Results and Discussion

Collecting the ICS results from 37 wells, fields, and reservoirs was planned in three different phases; each phase had its own goals and data-collection strategy. Phase One was for tool operational integrity and data collection in different environments. Phase Two was for optimal tool configuration within the WFT flowline to alleviate the flow-regime effect on the measurement. Locating the ICS before the pump will subject the fluid to reservoir flowing pressure during cleanup and fluid characterization. This drawdown pressure varies considerably, depending on the fluid nature and rock permeability. If the fluid analyzer is on the outlet side of the pump, the fluid is under a constant flowing pressure (hydrostatic pressure), which is predictable and more consistent. One possible drawback of this configuration is the possibility of fluid segregation inside the pump. Phase Three was for selective reservoir fluids to be used for final tool validation and comparison with laboratory results. Also, in this phase, a real-time answer product was fully developed to provide a simple interpretation and fluid characterization in an integrated plot in real time.

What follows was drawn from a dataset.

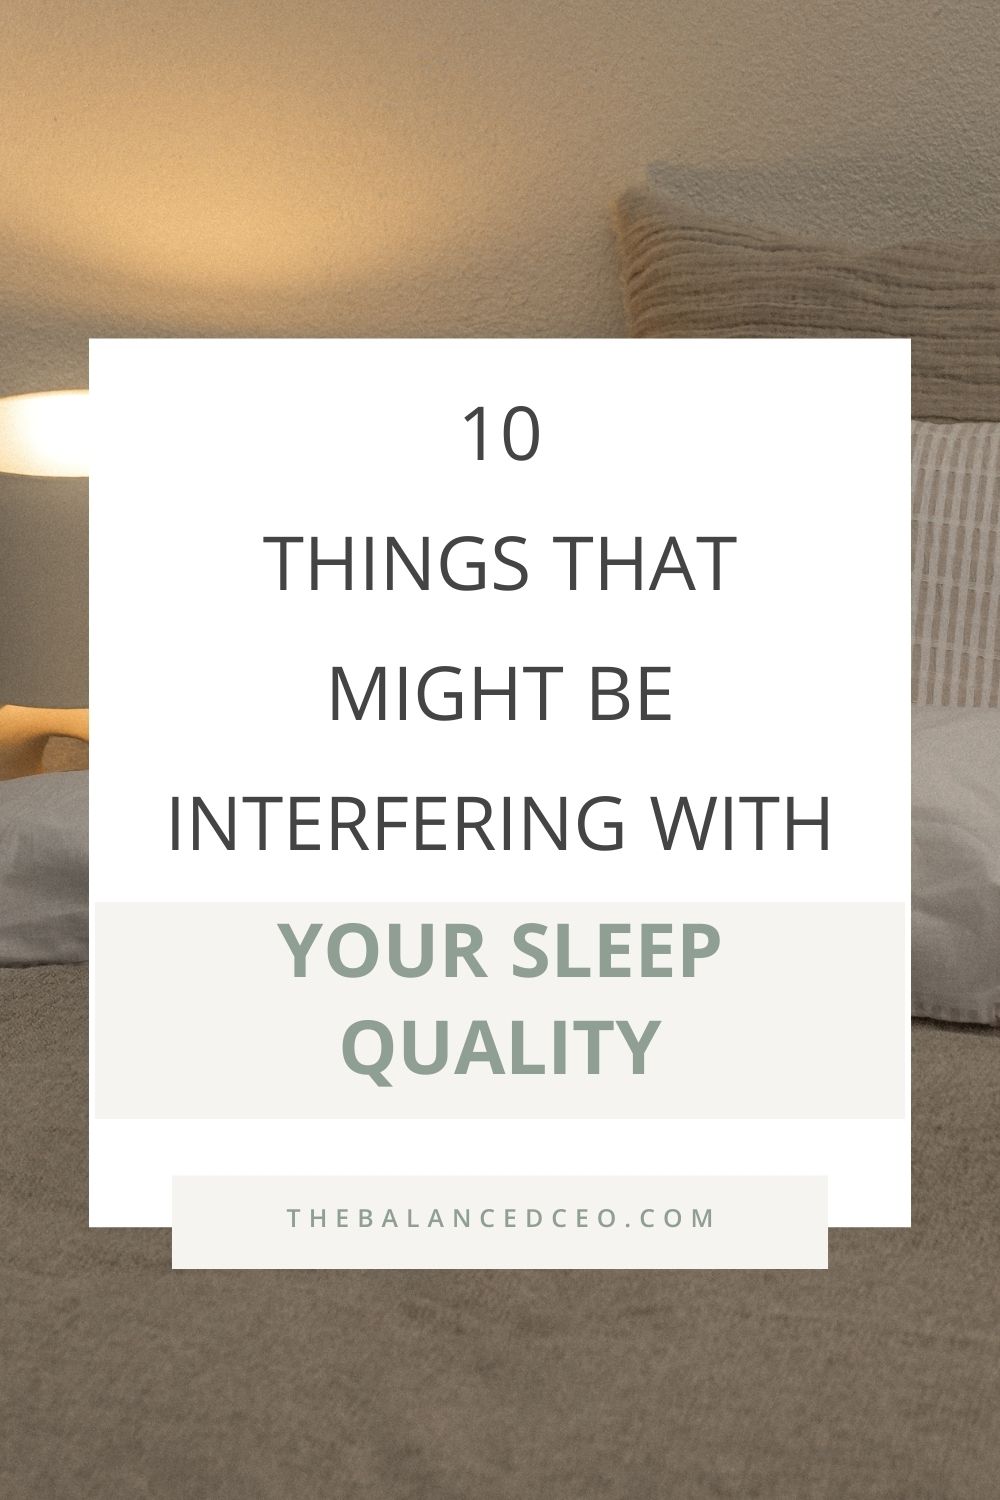 10 Things That Might Be Interfering With Your Sleep Quality

Data from Phase Three were used for validation and in-situ hydrocarbon characterization with the new optical fluid analyzers. The in-situ measurement is consistent with the global American Petroleum Institute (API) correlation. Minor deviations are observed at the heavy-hydrocarbon end because it is challenging to achieve low levels of contamination when sampling heavy oils. The addition of an asphaltene ICE core is expected to increase sensitivity and provide additional information to the characterization of these heavier ends.

The increased availability of compositional data provided by this technology greatly improves understanding of the evolution of hydrocarbon systems. For example, API gravity, as well as the saturates and aromatics ratio, typically increases with depth in a given lithological column, with notable exceptions in the Middle East and Russia where the high-API-gravity members are found above the low-API-gravity members. Early ­hydrocarbon-composition data help well-testing simulations and operations under these circumstances.

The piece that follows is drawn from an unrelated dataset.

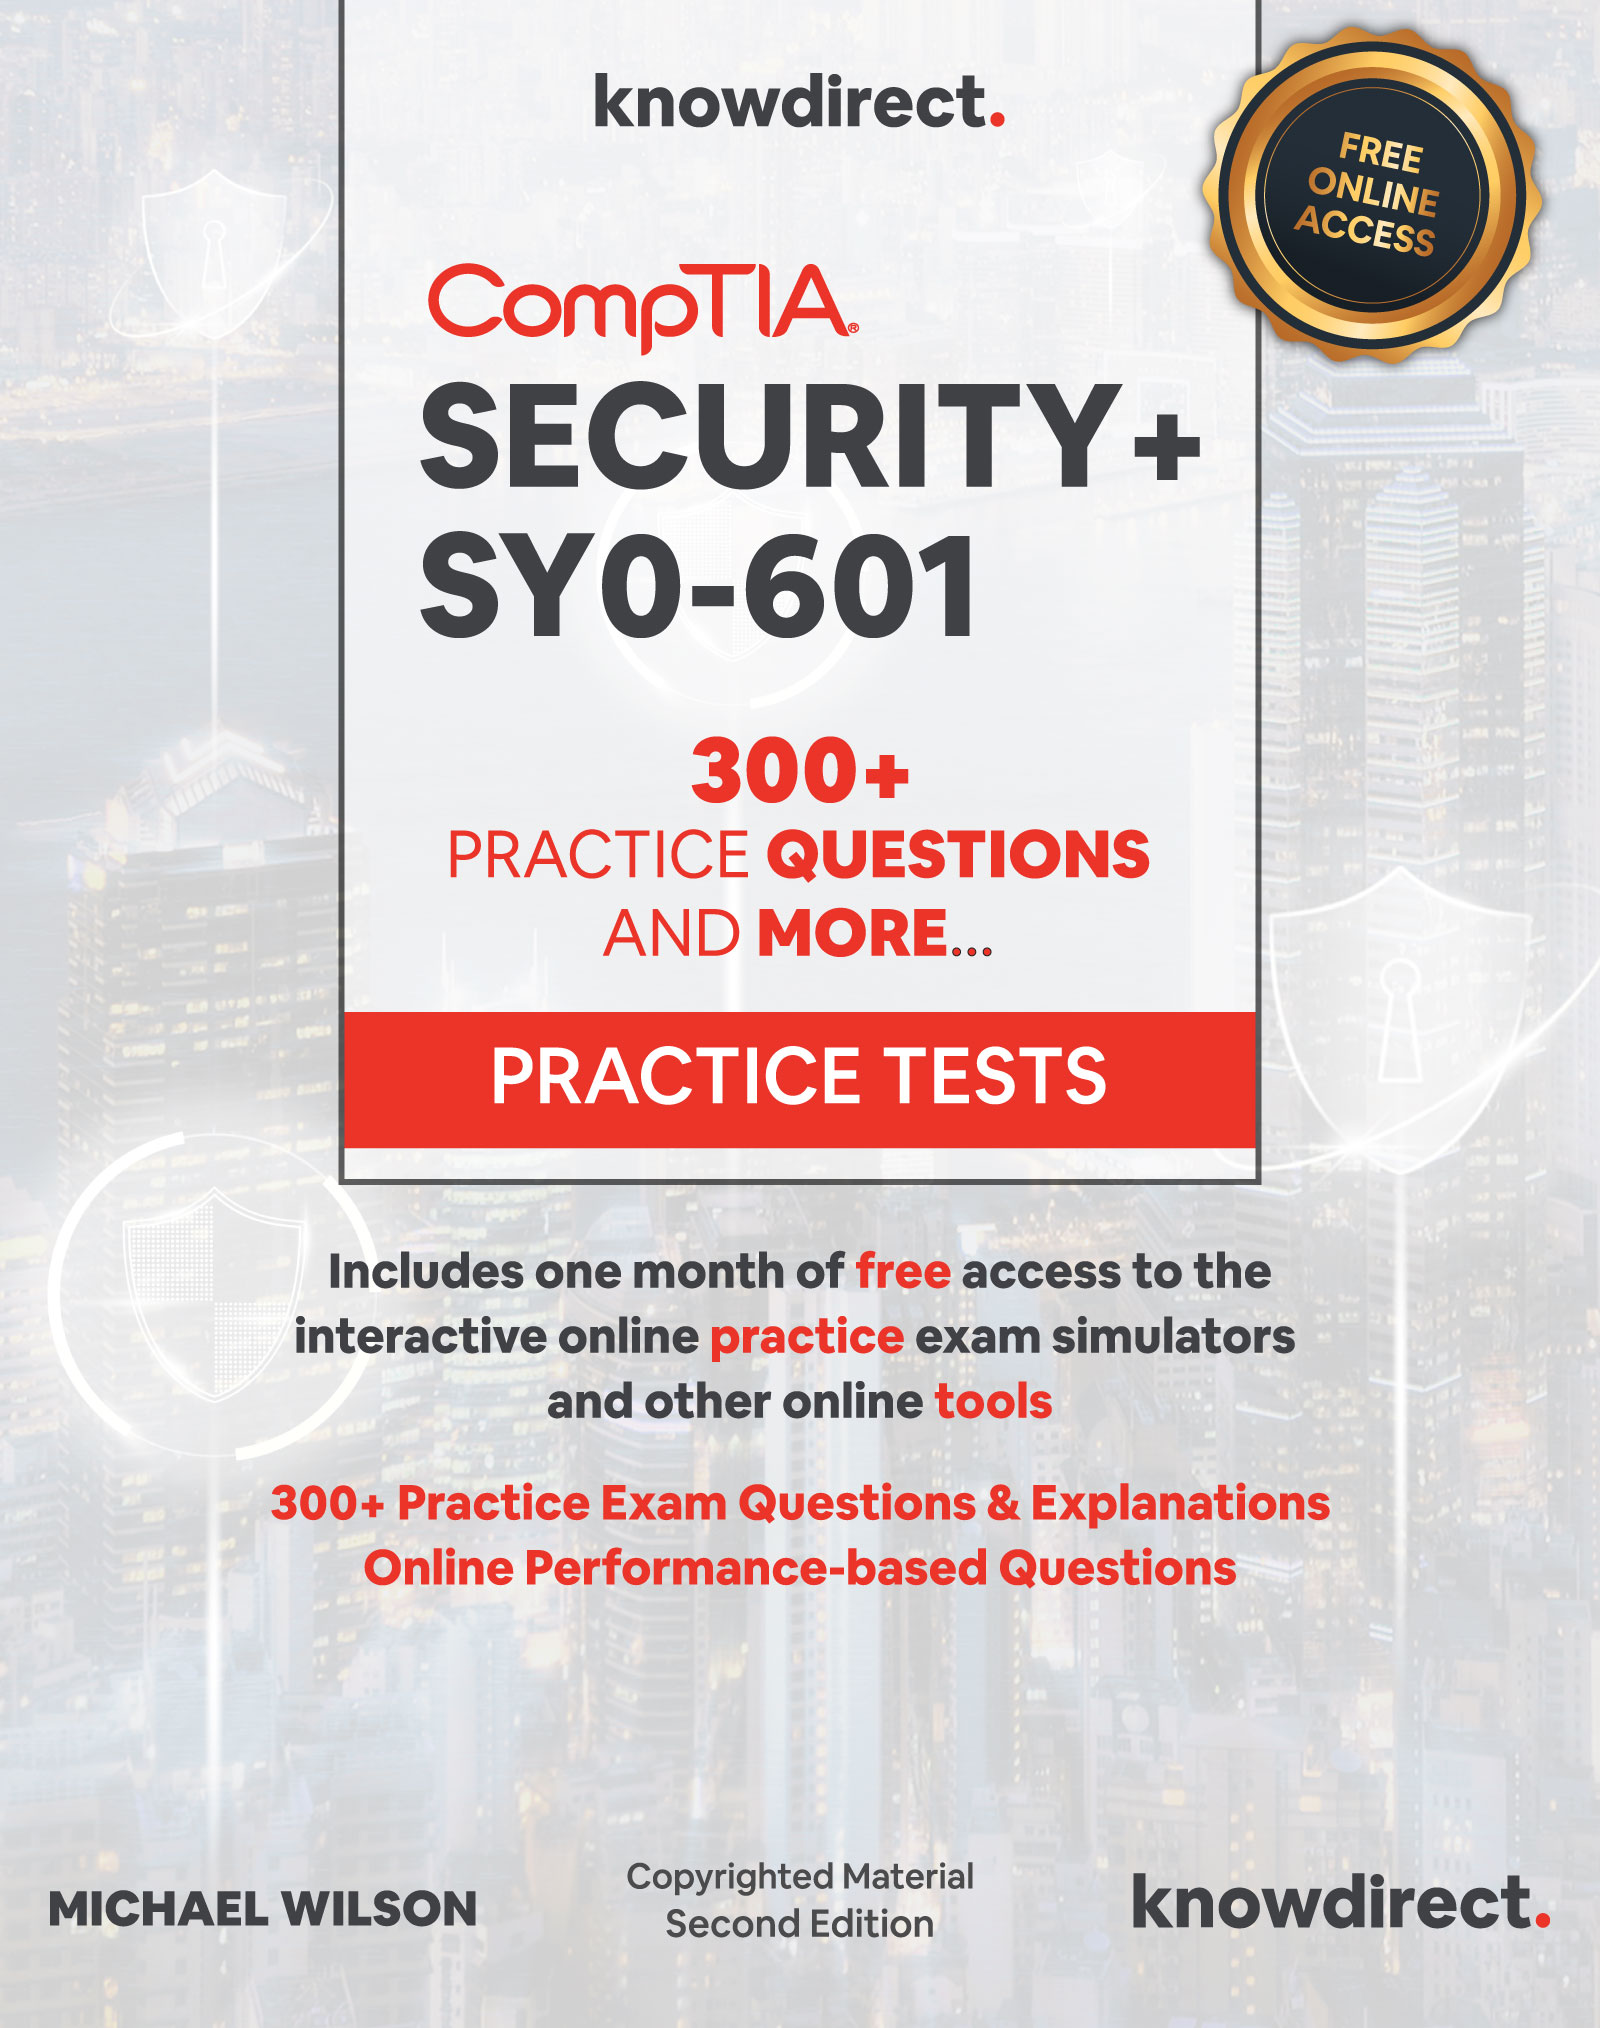 CompTIA Security+ SY0-601 Study Guide Practice Exam Questions

Also, compositional variations within a single reservoir column have been observed in a number of fields. The emerging discipline of reservoir-fluid geodynamics provides new scientific understanding and mathematical models to describe these variations and to predict the physical behavior of petroleum fluids better. Readily available and consistent in-situ fluid-composition data crucially help reservoir understanding and underpin the selection, validation, and calibration of these models without the lengthy turnaround time of laboratory measurements.

Conclusions

  • The technology has been field tested extensively. The results appear to be highly consistent among different wells, reservoirs, and fields and are in general agreement with laboratory compositional analyses.
  • For quantitative hydrocarbon-composition analysis, ICE data measurements must be taken on fully cleaned-up reservoir hydrocarbons and at static conditions (i.e., no pumping).
  • The high bandwidth of this optical sensor, particularly in the infrared, creates the potential to measure complex fluid components in situ. Currently, sensors for methane, ethane, saturates, aromatics, and GOR are implemented.
  • Additional capabilities are being developed, including characterization of resins and asphaltenes for full analysis and of olefins for OBM-filtrate detection.
  • It is desirable to develop a robust technical capability that enables quantitative compositional interpretation on partially cleaned-up fluids and during pumpout in the presence of both OBM and water-based-mud systems.

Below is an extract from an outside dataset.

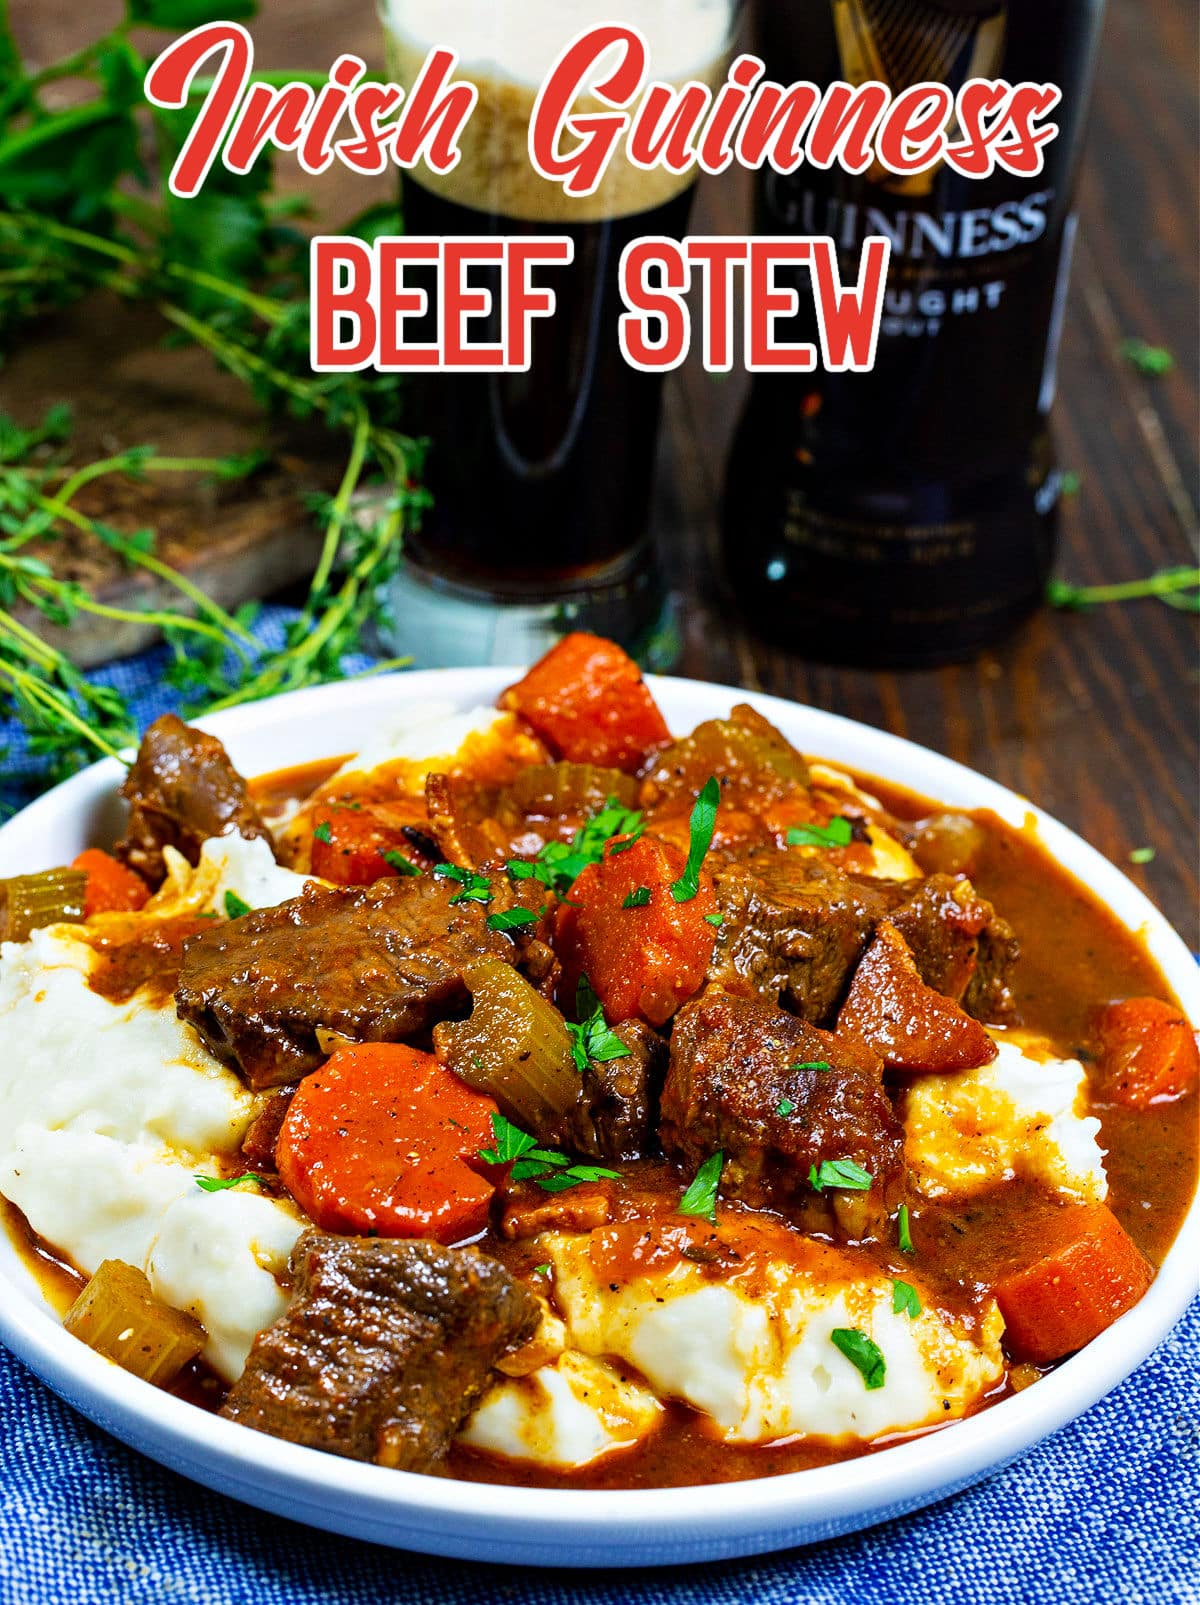 Beef Stew on a plate over mashed potatoes.

This article, written by JPT Technology Editor Chris Carpenter, contains highlights of paper SPE 181526, “New Wireline, In-Situ, Downhole Fluid Compositional Analyses To Enhance Reservoir Characterization and Management,” by Gabor Hursan and S. Mark Ma, Saudi Aramco, and Wael Soleiman, Sami Eyuboglu, Neeraj Sethi, and Nacer Guergueb, Halliburton, prepared for the 2016 SPE Annual Technical Conference and Exhibition, Dubai, 26–28 September. The paper has not been peer reviewed.